*** SUPPLIED RECORDS

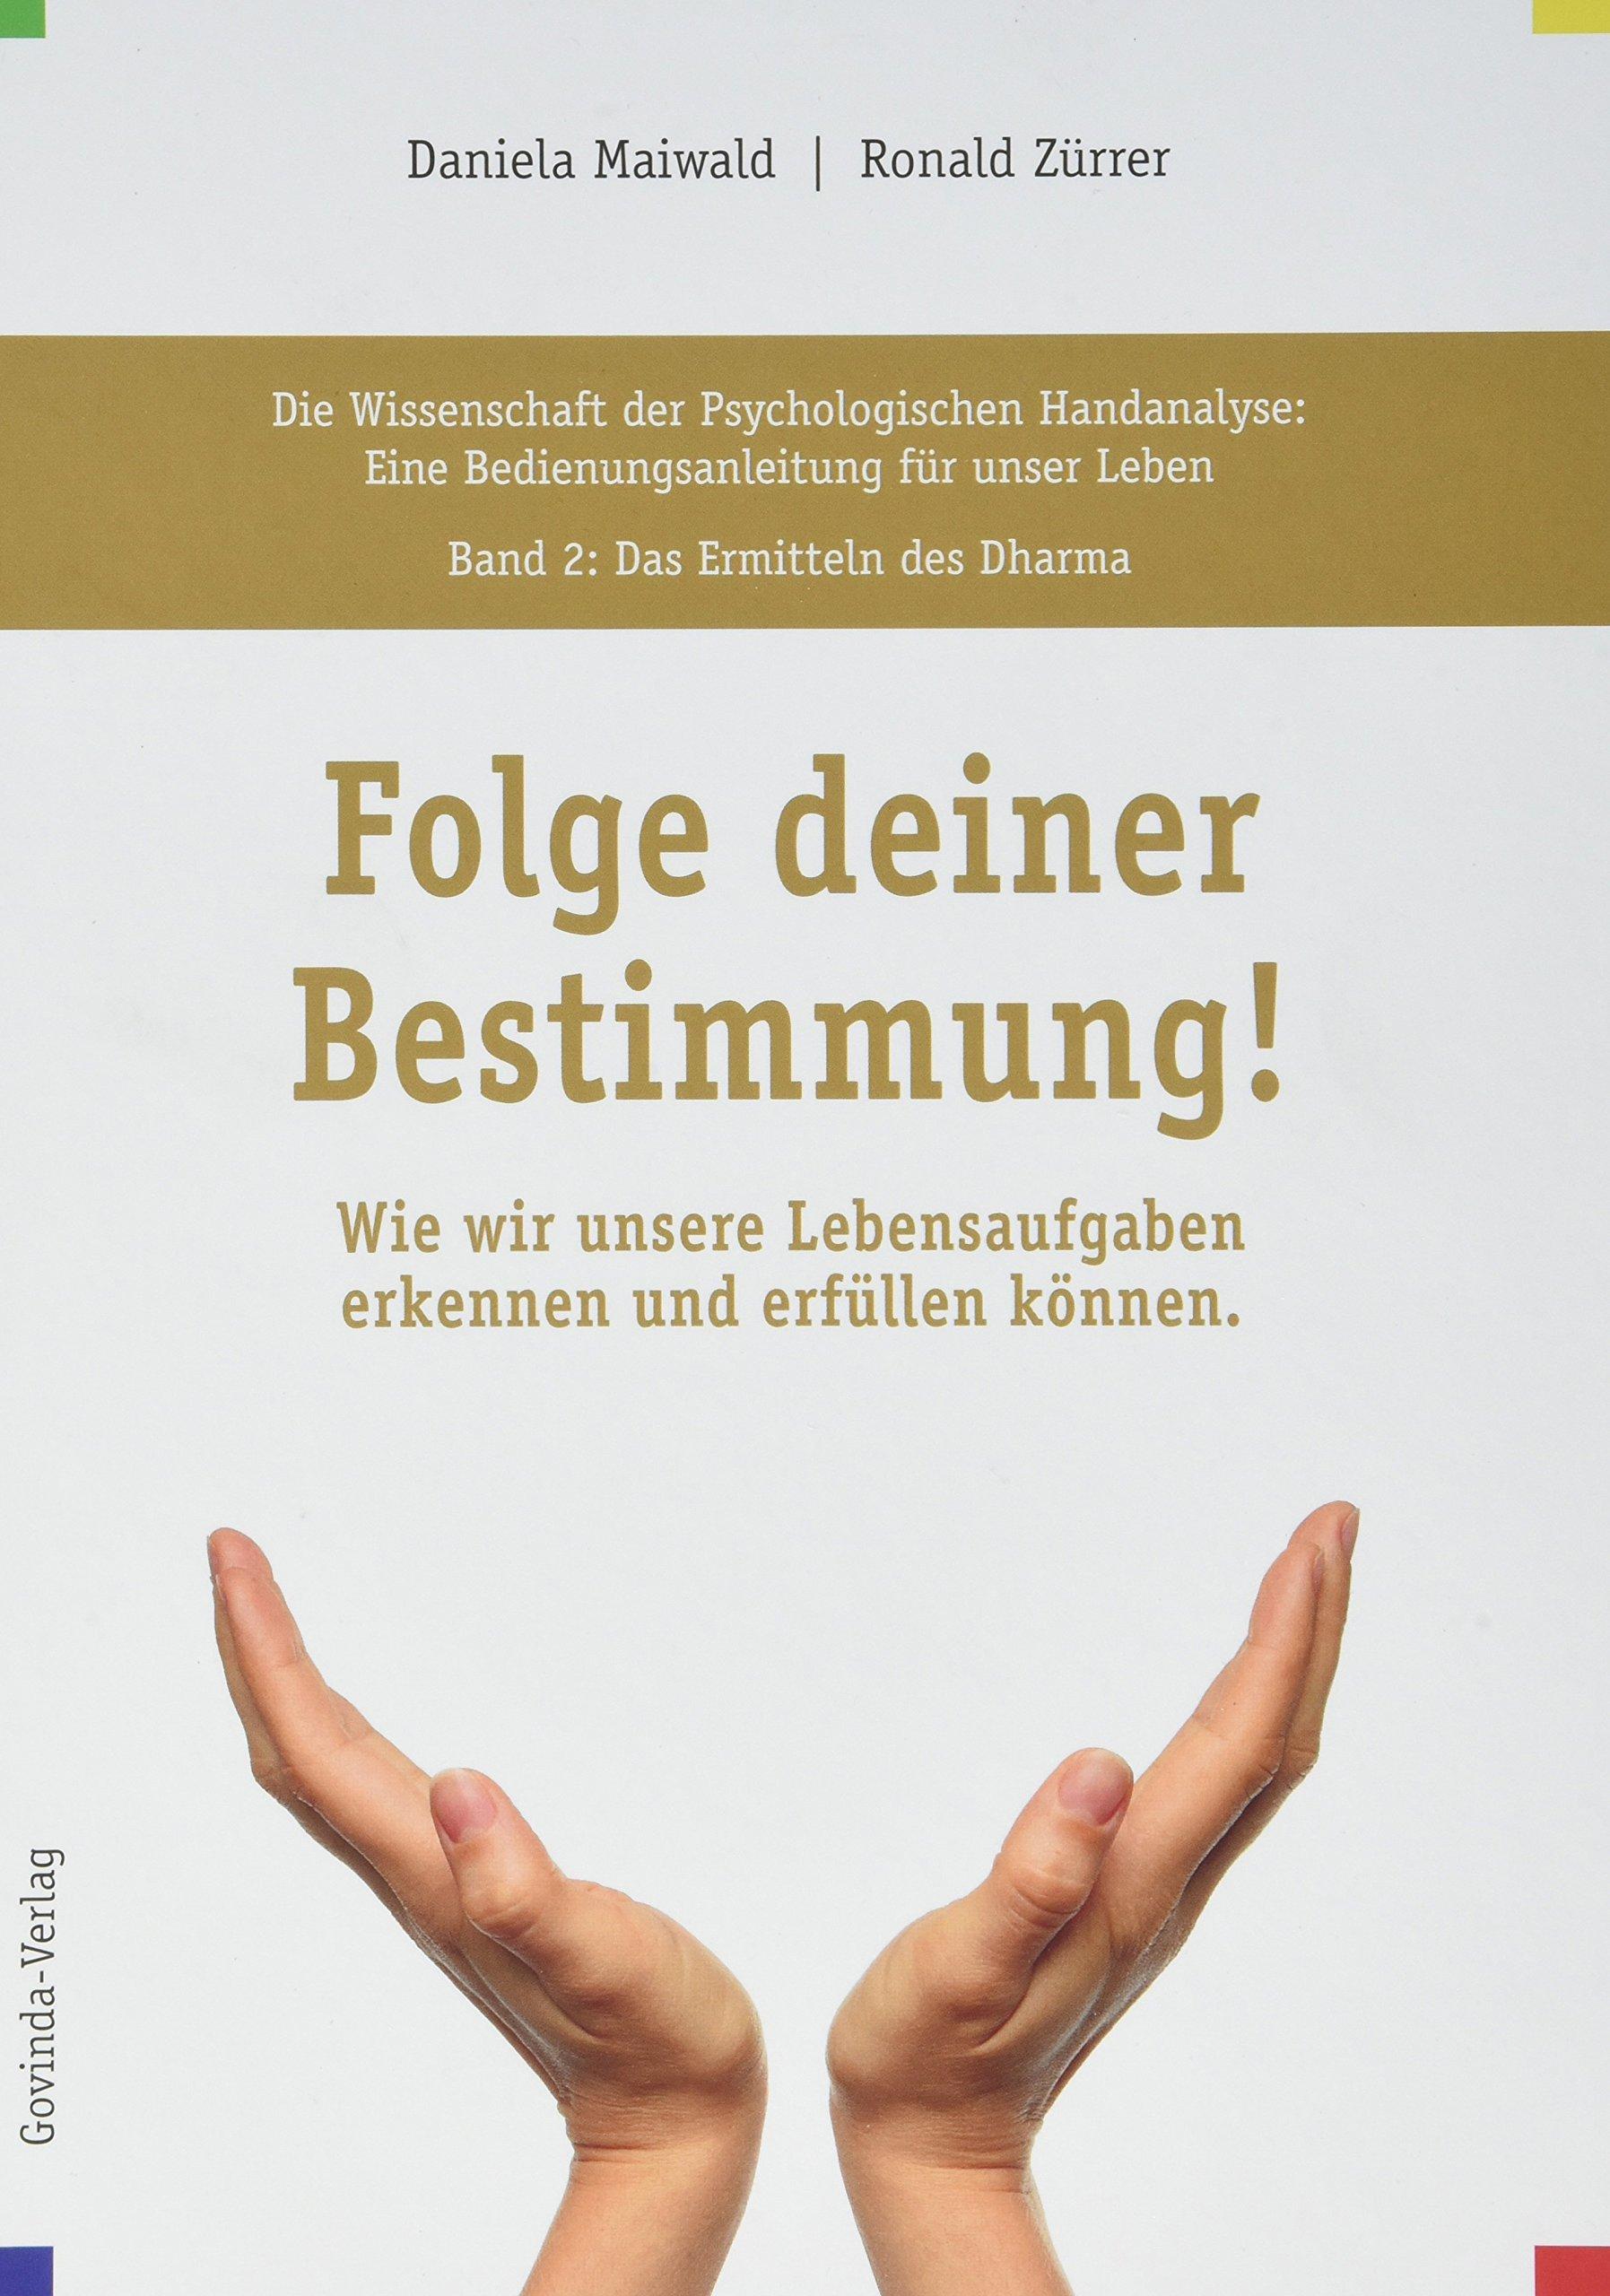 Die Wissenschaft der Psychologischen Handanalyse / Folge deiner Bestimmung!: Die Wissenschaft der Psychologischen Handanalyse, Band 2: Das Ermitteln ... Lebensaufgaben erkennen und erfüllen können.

******
*** SUPPLIED RECORDS

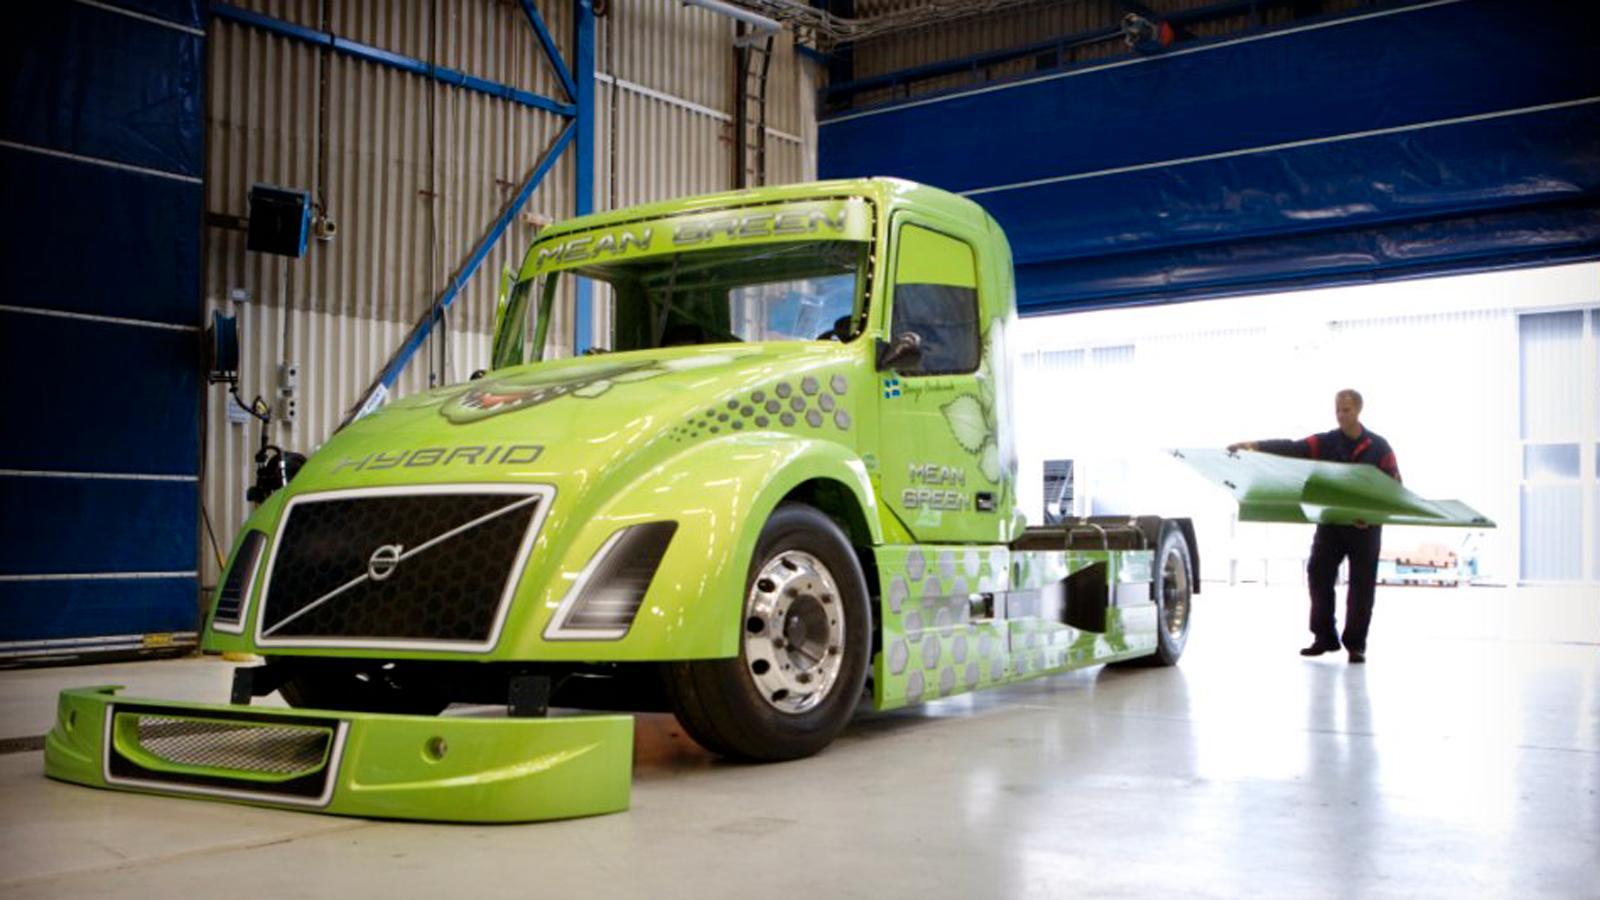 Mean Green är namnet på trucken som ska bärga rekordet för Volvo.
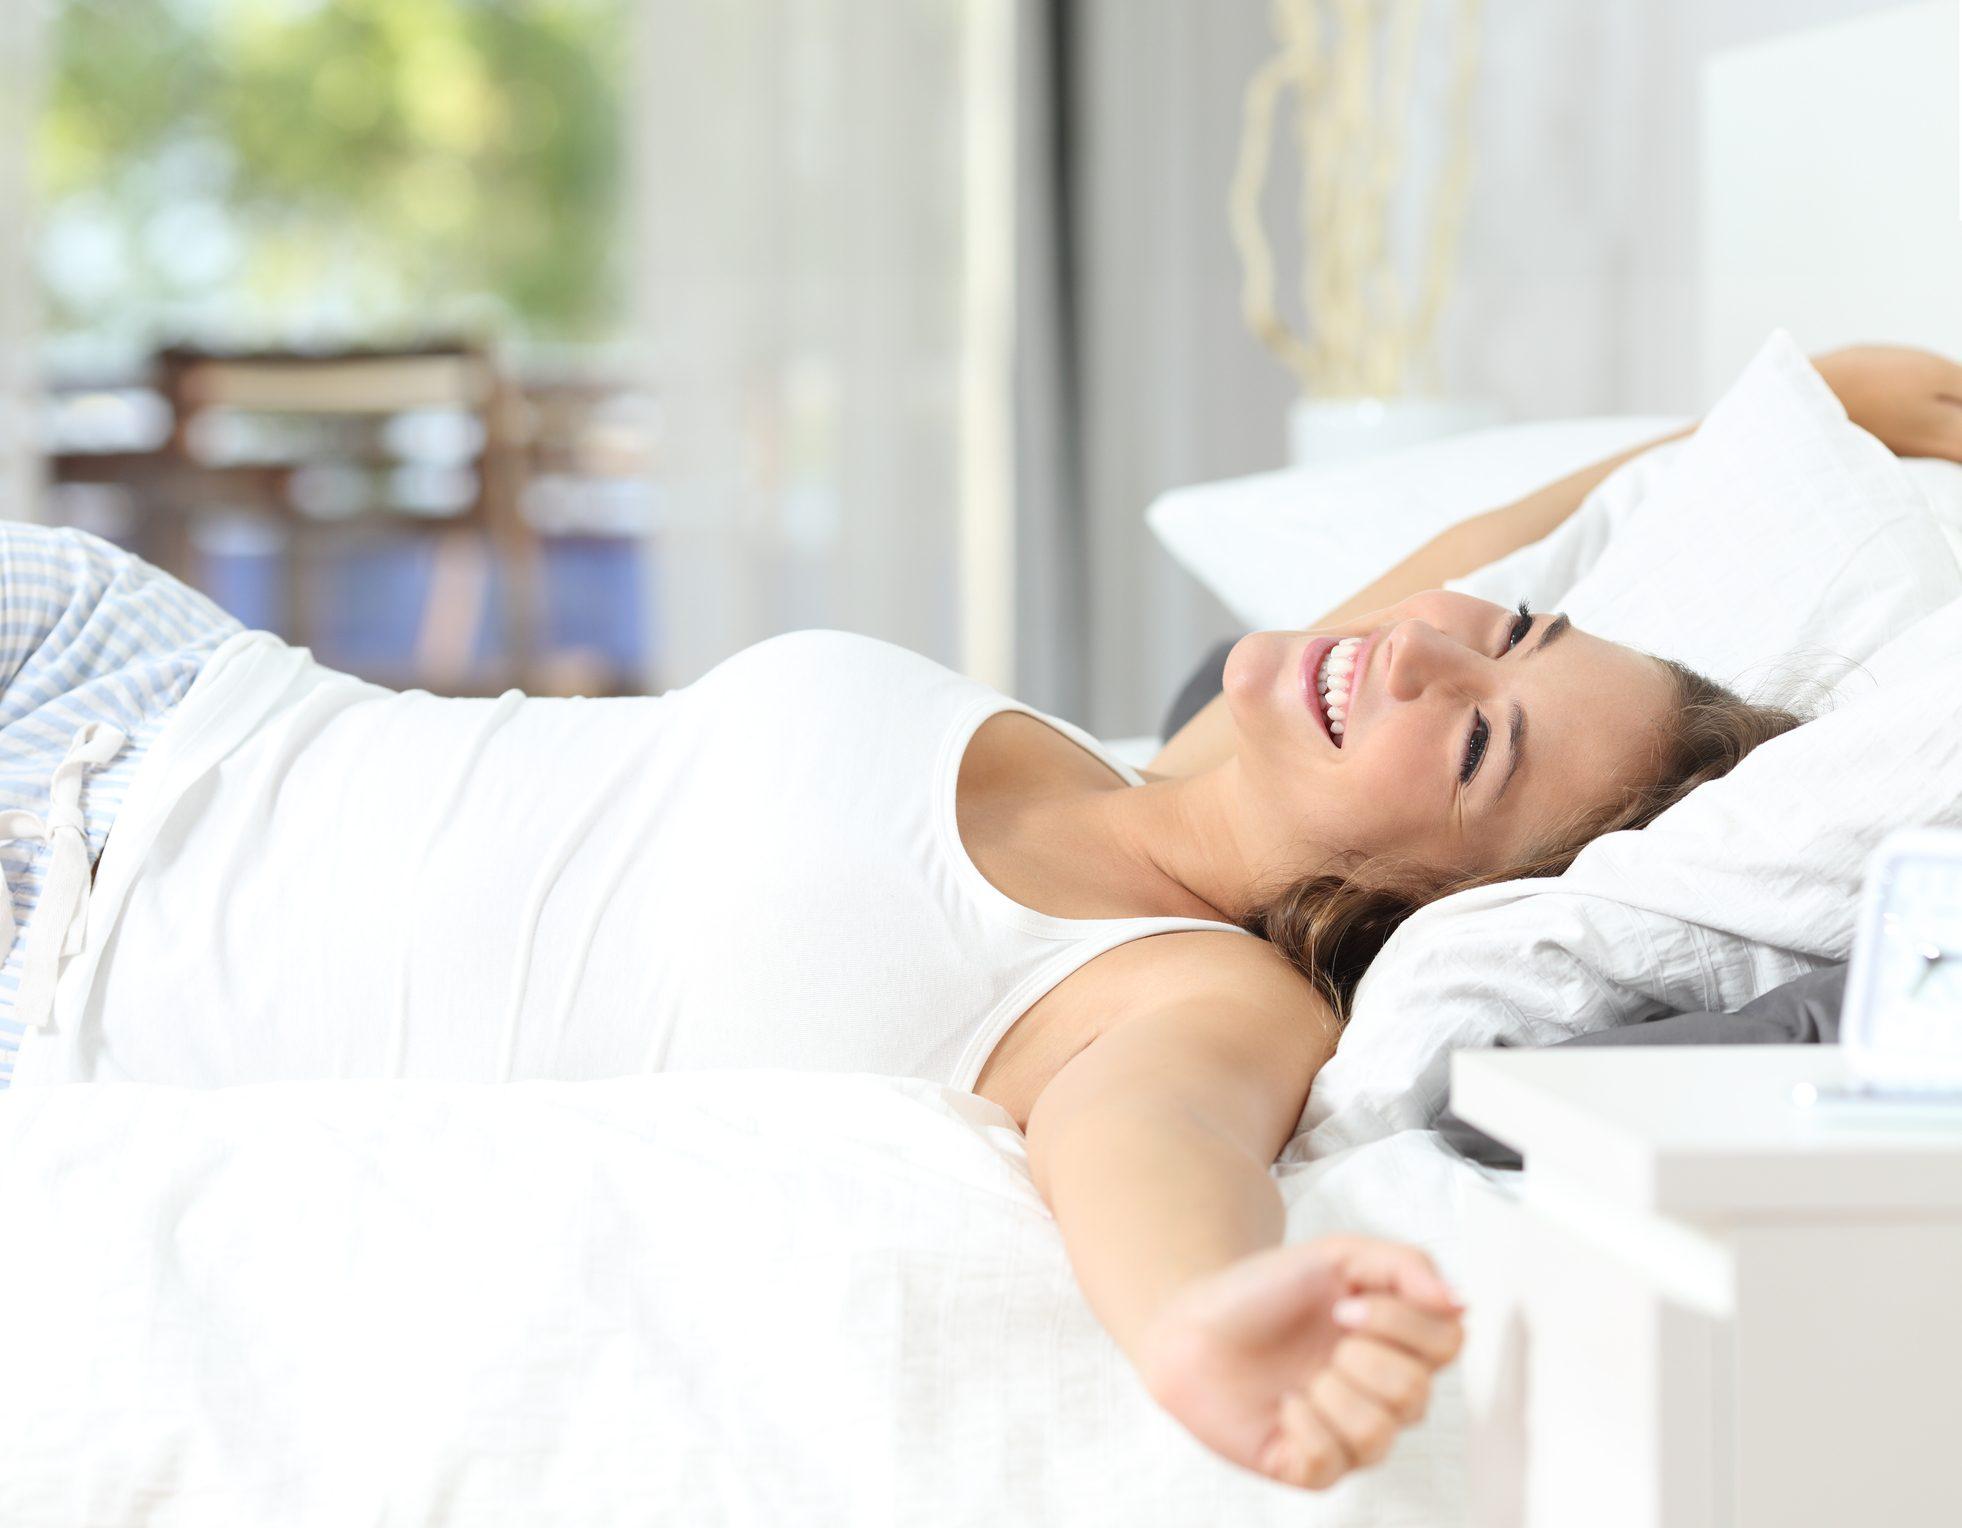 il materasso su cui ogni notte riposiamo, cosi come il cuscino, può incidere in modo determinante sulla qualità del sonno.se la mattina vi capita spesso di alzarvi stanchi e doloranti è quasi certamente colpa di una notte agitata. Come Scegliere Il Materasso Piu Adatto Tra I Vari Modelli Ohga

******
*** SUPPLIED RECORDS

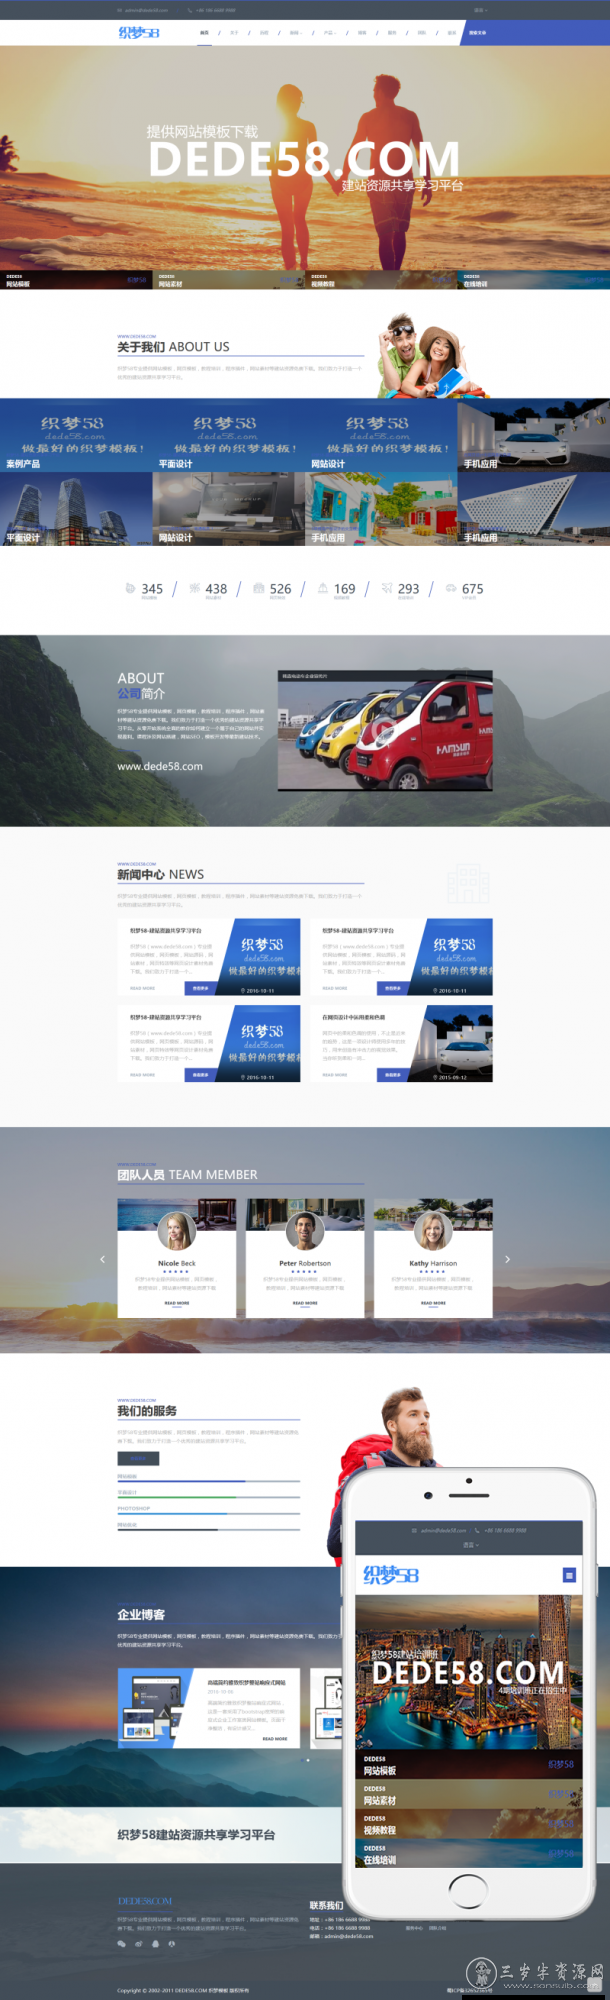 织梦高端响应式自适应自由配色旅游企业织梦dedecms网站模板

******

▶ **TASK DETAILS**: Exercise for the records above: copy only the lines from the one with "Mean Green är" to the one with "il materasso su", both ends kept, and drop the pictures.

▶ **COMPLETED EXERCISE**:
 Mean Green är namnet på trucken som ska bärga rekordet för Volvo.
 il materasso su cui ogni notte riposiamo, cosi come il cuscino, può incidere in modo determinante sulla qualità del sonno.se la mattina vi capita spesso di alzarvi stanchi e doloranti è quasi certamente colpa di una notte agitata. Come Scegliere Il Materasso Piu Adatto Tra I Vari Modelli Ohga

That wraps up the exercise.